### Dataset excerpt:
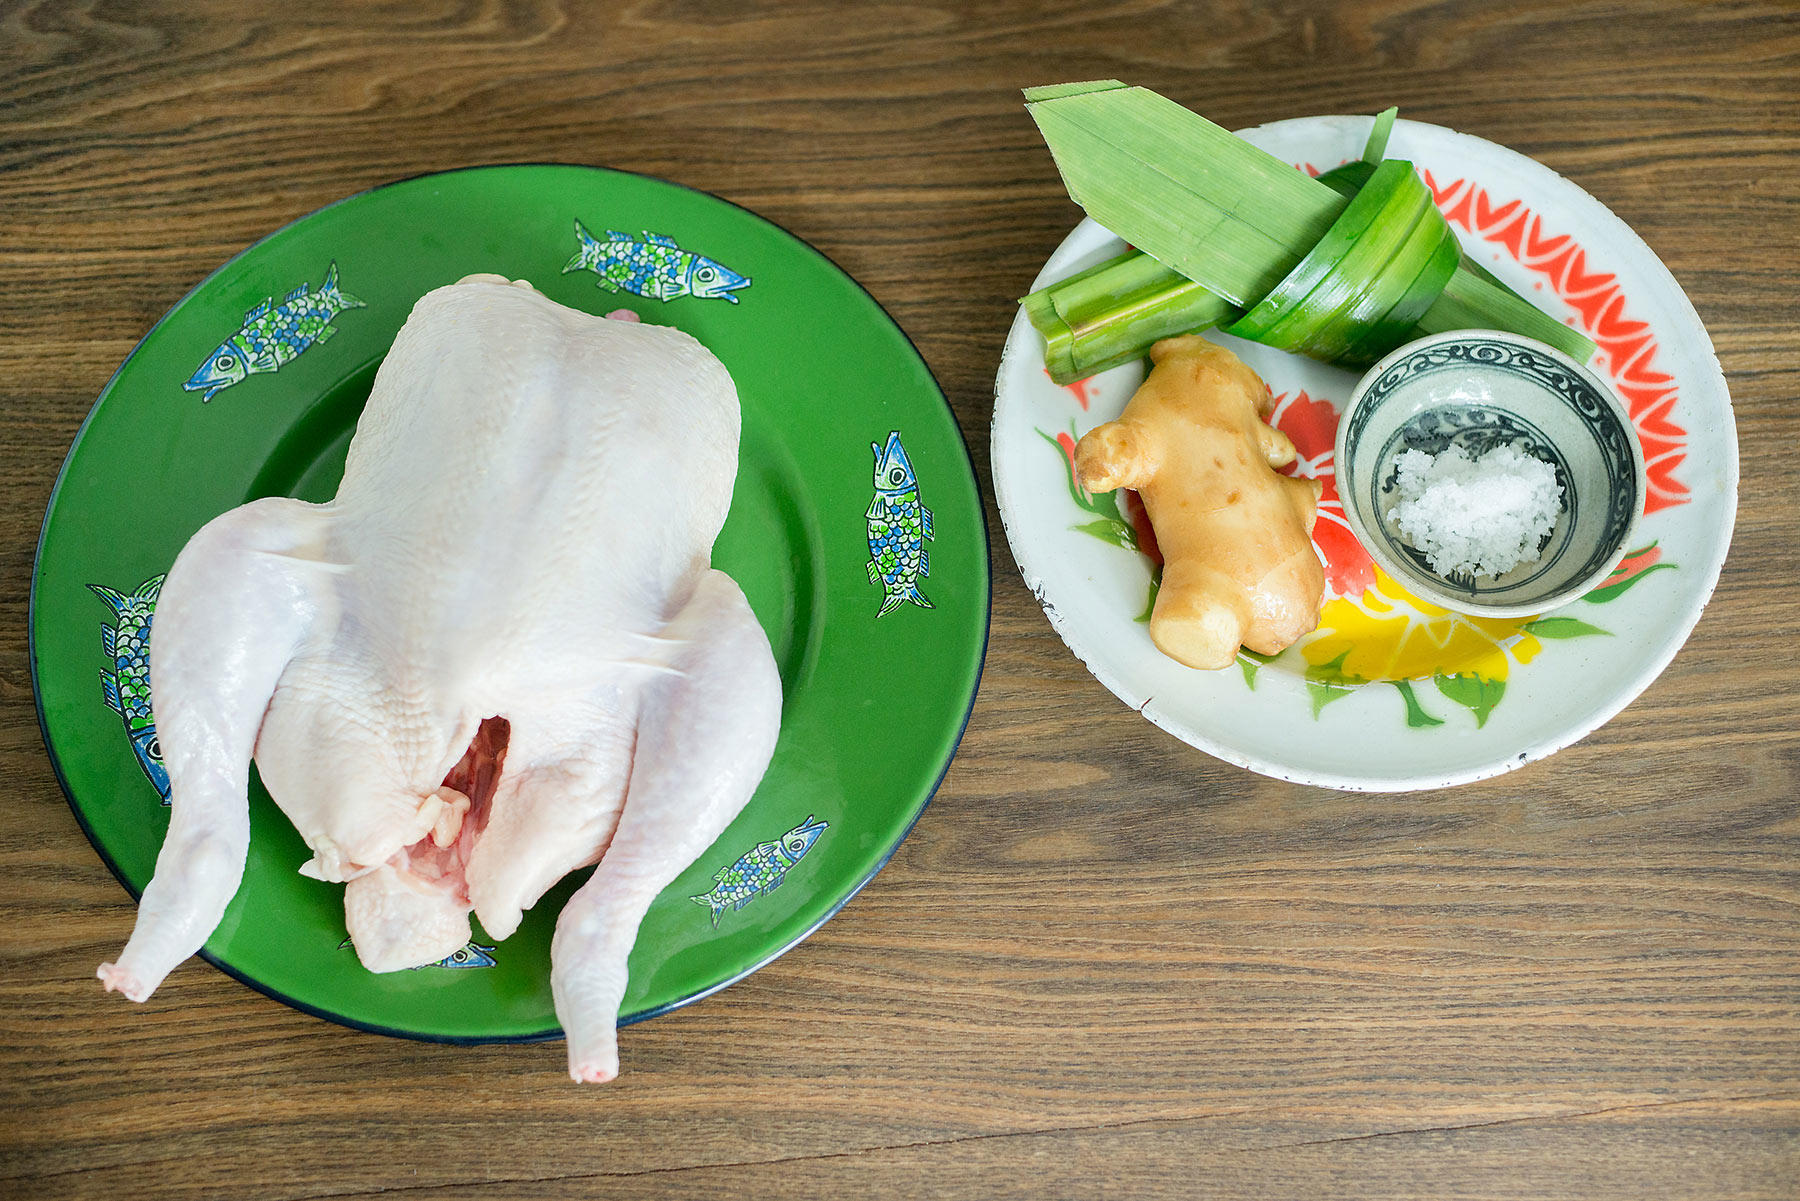 マジックペースト で カオマンガイ をつくる みもっと先生の本格タイ料理レシピ 公式 Dancyu ダンチュウ
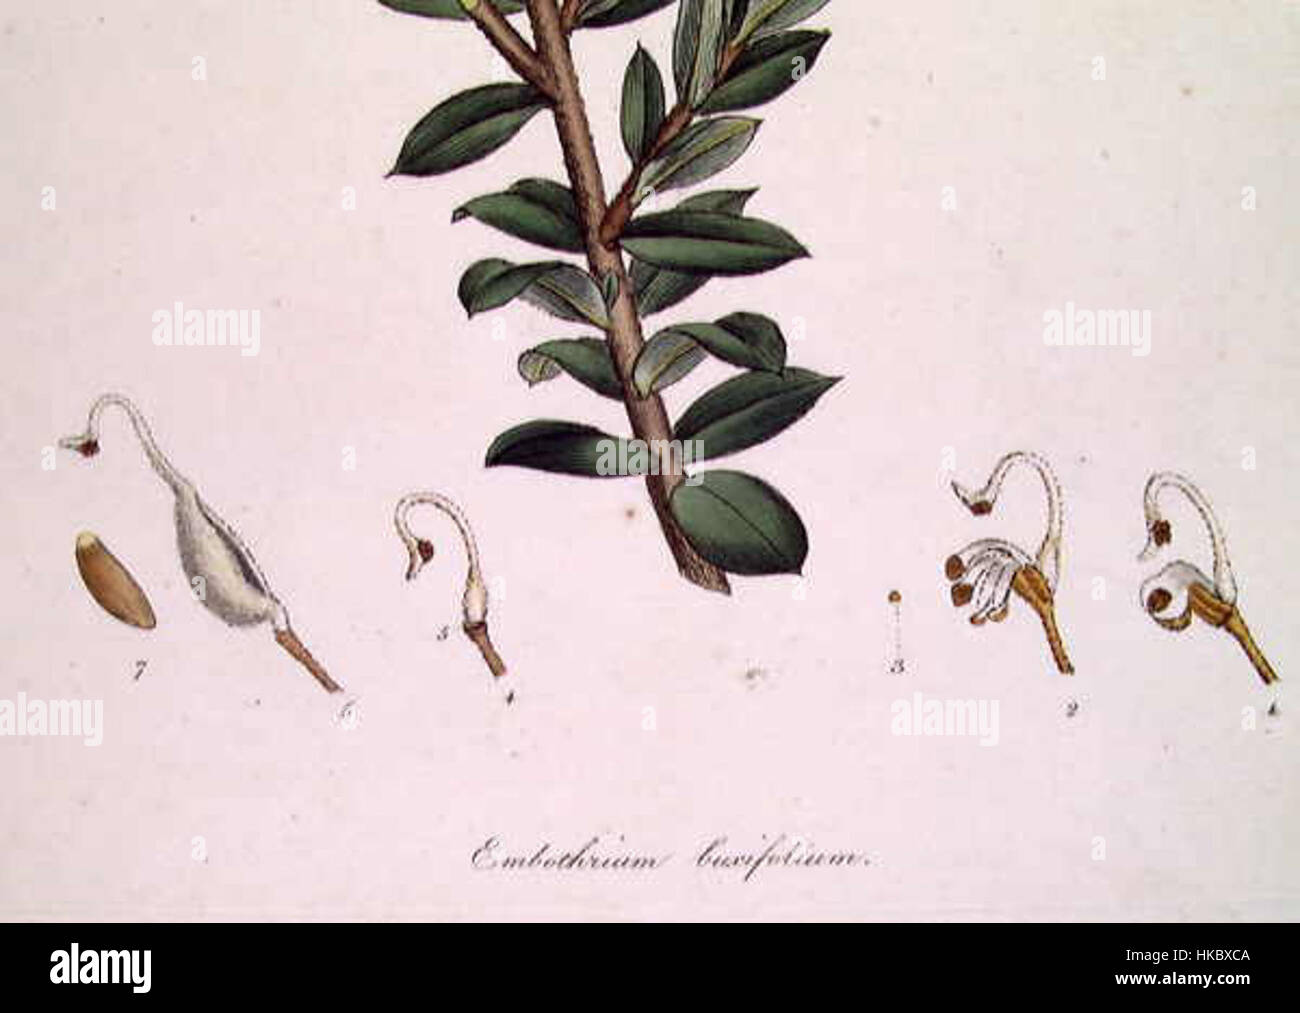 Embothrium (Grevillea) buxifolium detail Stock Photo
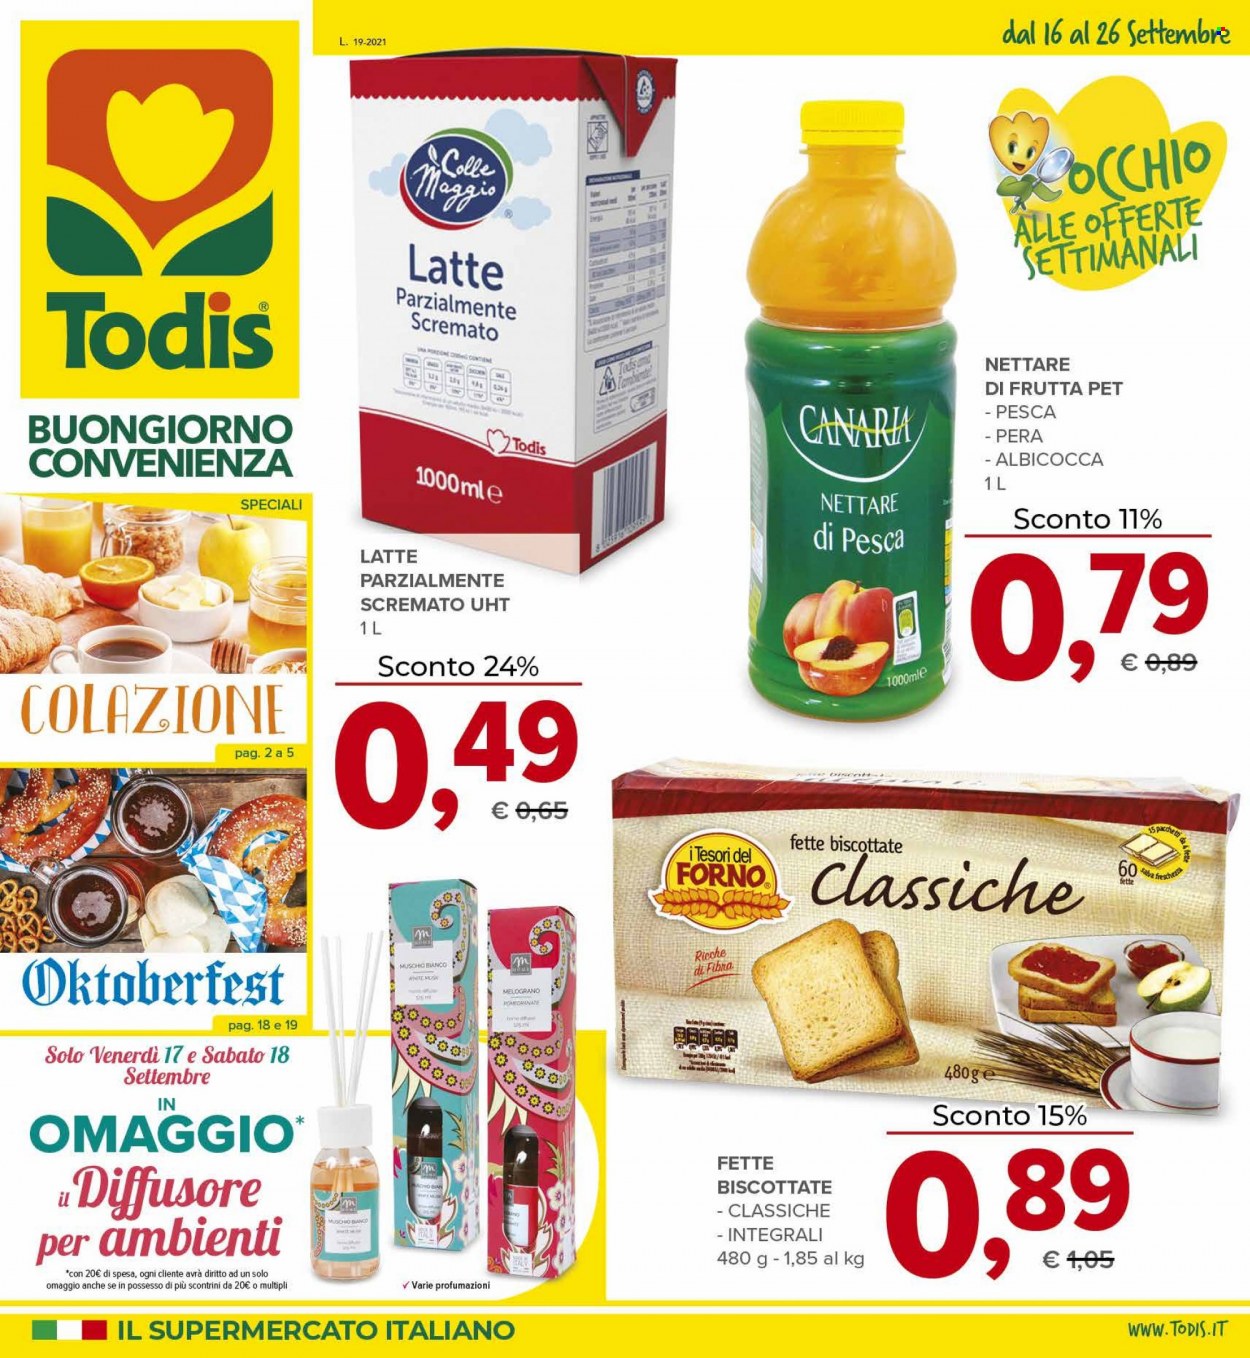 thumbnail - Volantino Todis - 16/9/2021 - 26/9/2021 - Prodotti in offerta - fette biscottate, latte, nettare, diffusore, forno. Pagina 1.
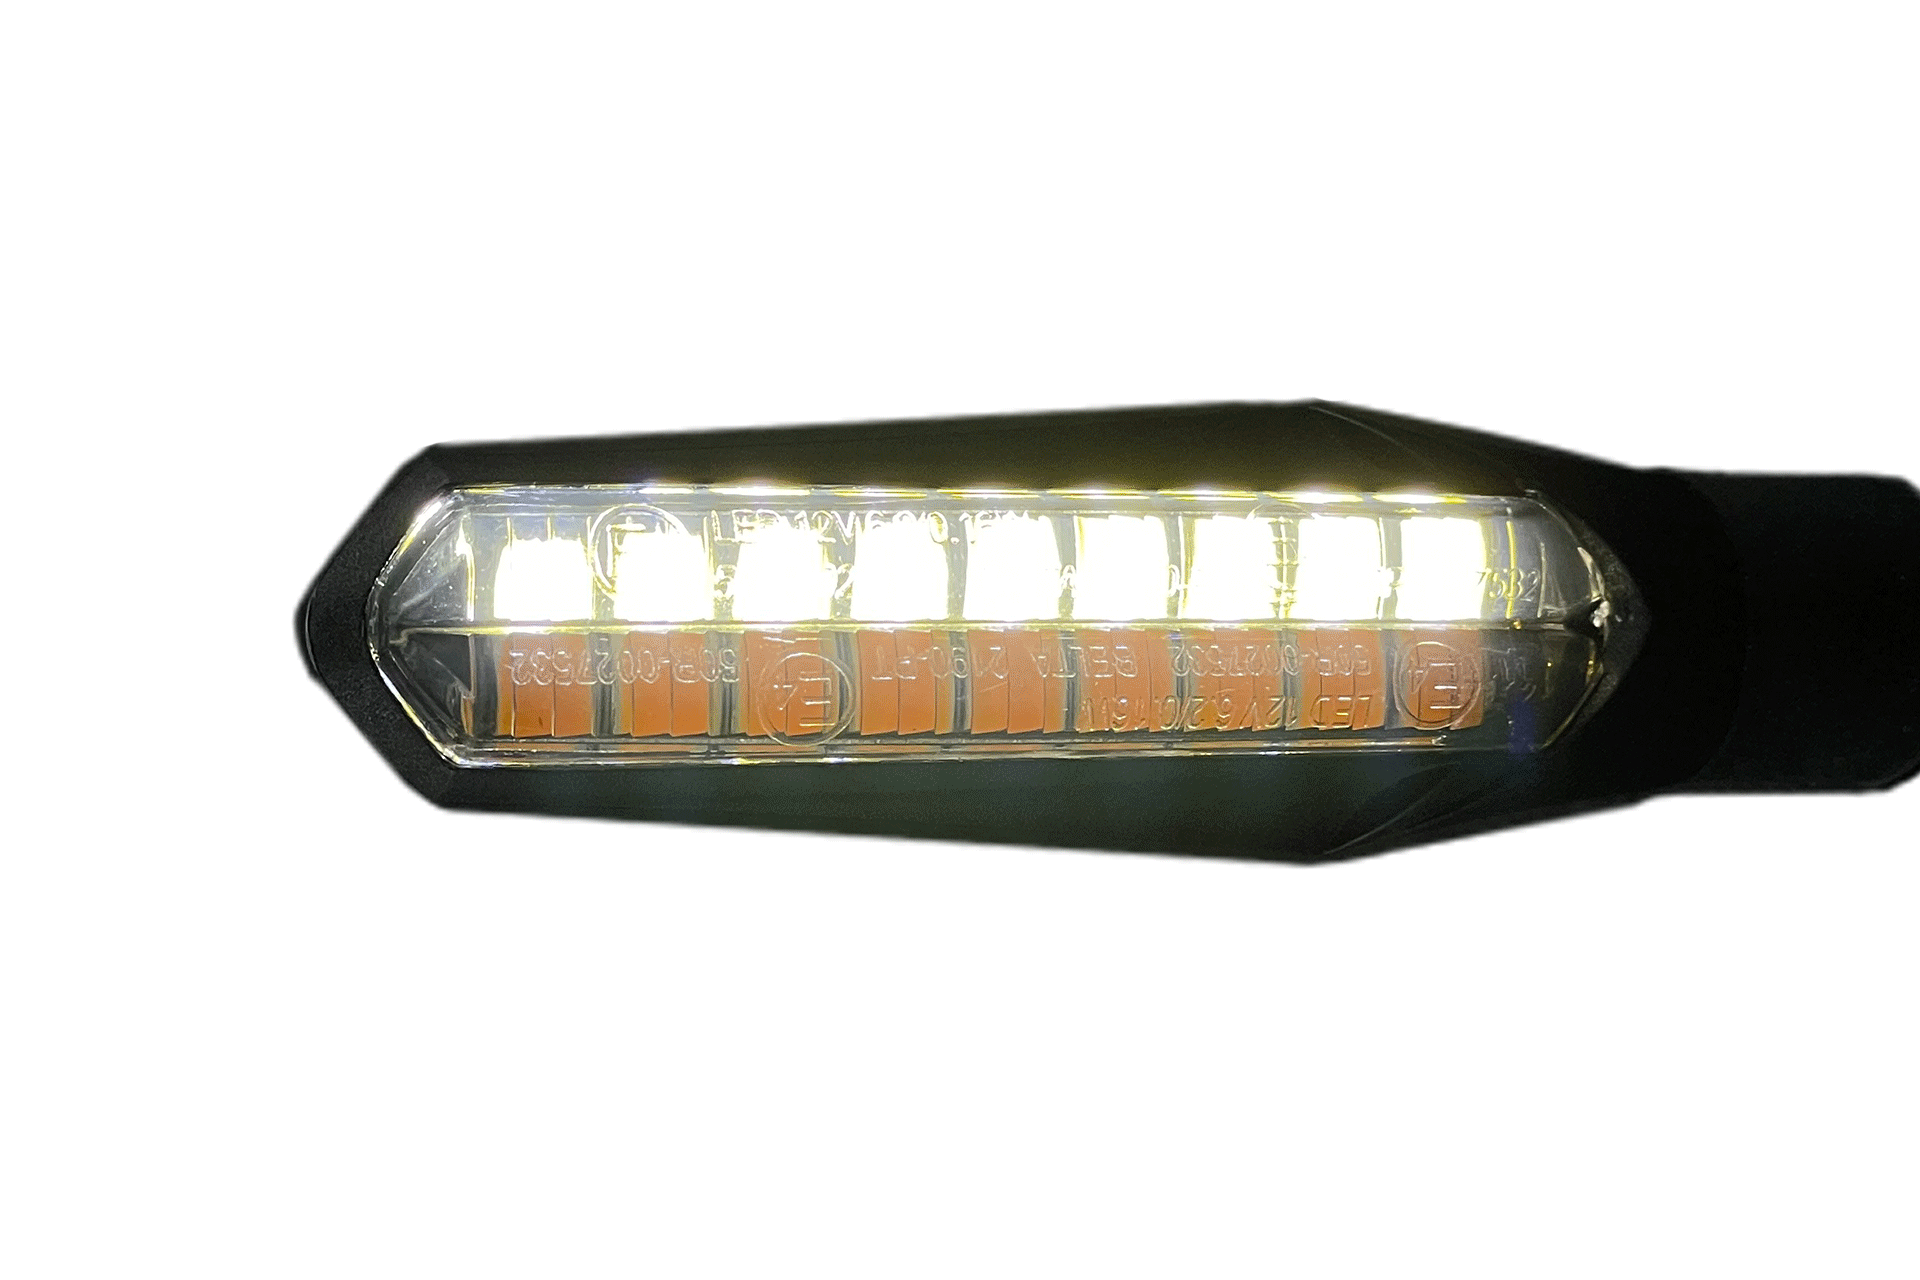 Sequentieller LED-Blinker Yamaha MT-09 mit Positions- und Bremslicht - 4-teiliges Kit

### Task requirements:
Starting at the line that contains "Embothrium (Grevillea) buxifolium", transcribe every line through the end of the listing exactly, including both end lines and excluding pictures.

### Completed task:
 Embothrium (Grevillea) buxifolium detail Stock Photo
 thumbnail - Volantino Todis - 16/9/2021 - 26/9/2021 - Prodotti in offerta - fette biscottate, latte, nettare, diffusore, forno. Pagina 1.
 Sequentieller LED-Blinker Yamaha MT-09 mit Positions- und Bremslicht - 4-teiliges Kit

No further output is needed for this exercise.